Superpixel-based Semantic Segmentation Trained by Statistical Process Control
This work addresses computational inefficiency in semantic segmentation for computer vision applications, though it appears incremental as it builds on existing deep learning and superpixel techniques.
The paper tackles the redundancy in semantic segmentation by training and testing with only 0.37% of total pixels using superpixel-based sampling, which reduces computational complexity and achieves performance equal to or better than conventional methods on Pascal Context and SUN-RGBD datasets.

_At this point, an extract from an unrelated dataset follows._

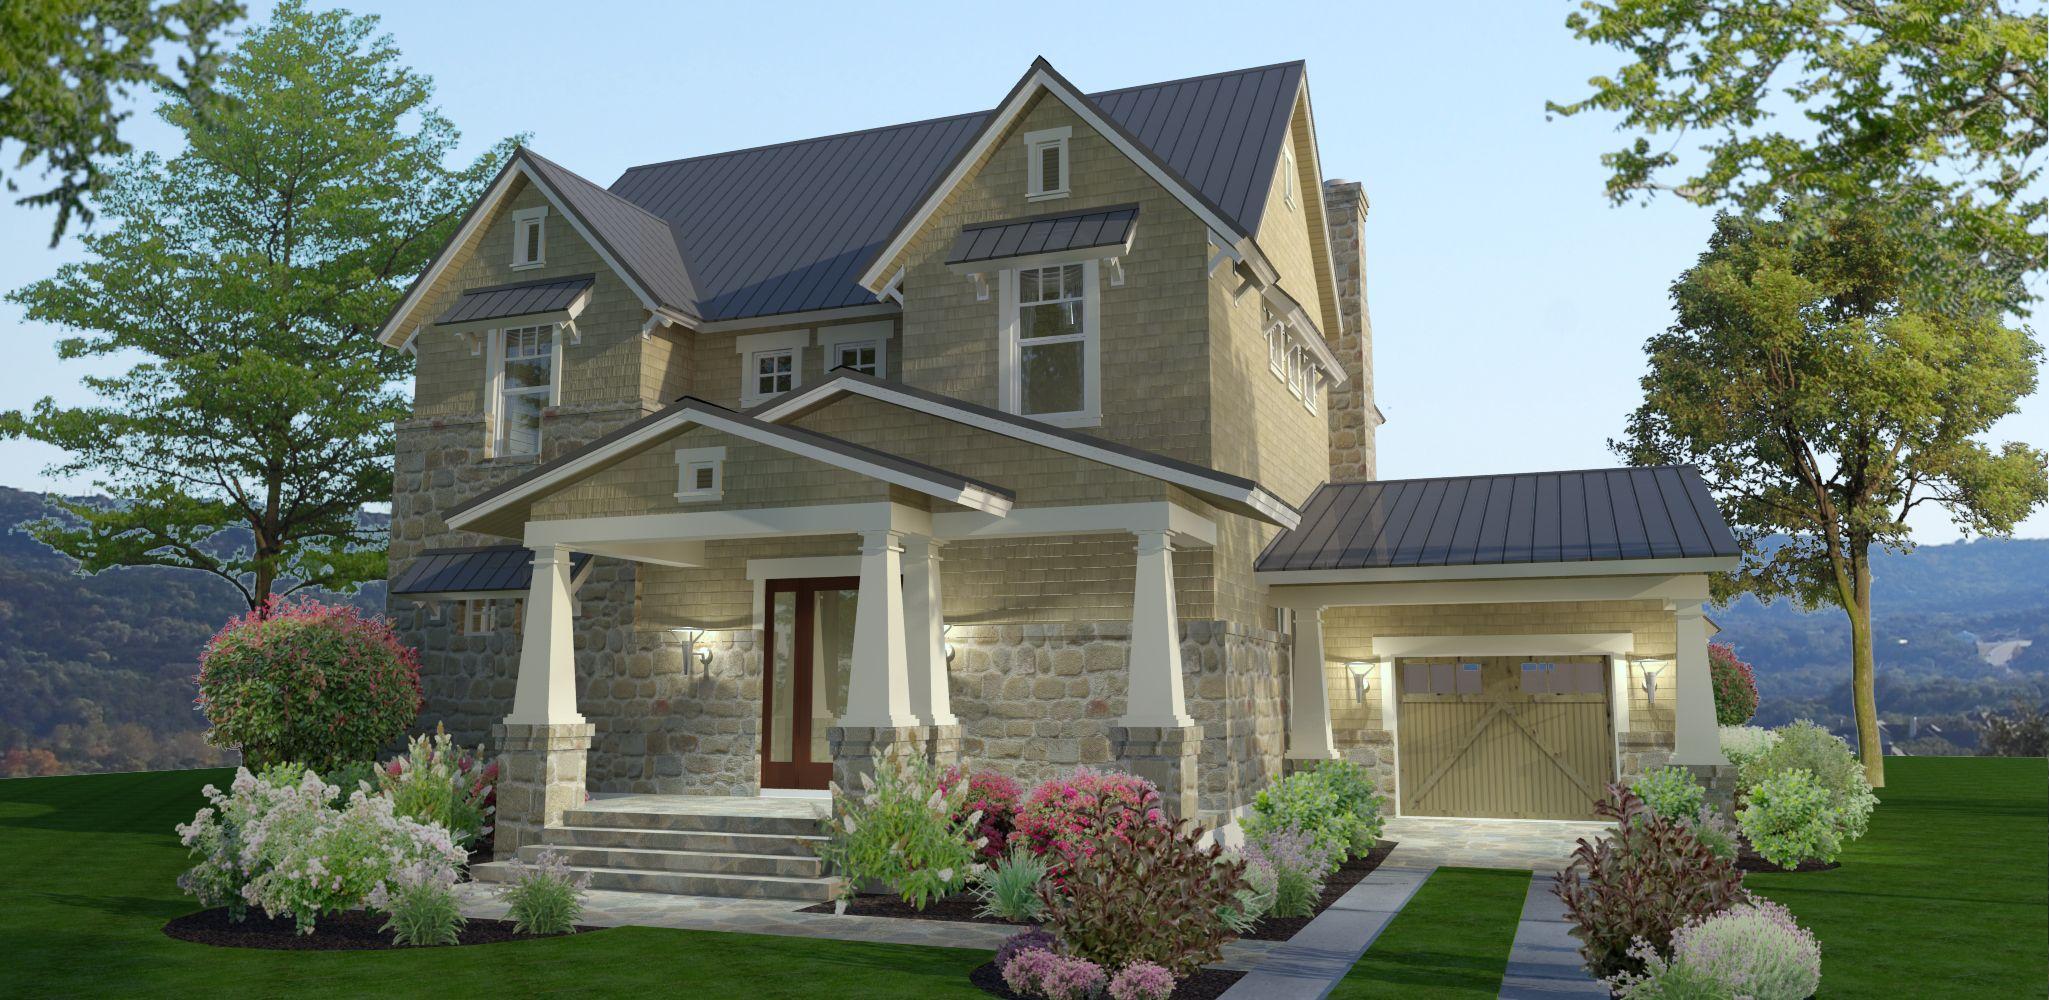 Plan 16891wg 3 bedroom stone farmhouse plan

Semantic segmentation, like other fields of computer vision, has seen a remarkable performance advance by the use of deep convolution neural networks. However, considering that neighboring pixels are heavily dependent on each other, both learning and testing of these methods have a lot of redundant operations. To resolve this problem, the proposed network is trained and tested with only 0.37% of total pixels by superpixel-based sampling and largely reduced the complexity of upsampling calculation. The hypercolumn feature maps are constructed by pyramid module in combination with the convolution layers of the base network. Since the proposed method uses a very small number of sampled pixels, the end-to-end learning of the entire network is difficult with a common learning rate for all the layers. In order to resolve this problem, the learning rate after sampling is controlled by statistical process control (SPC) of gradients in each layer. The proposed method performs better than or equal to the conventional methods that use much more samples on Pascal Context, SUN-RGBD dataset.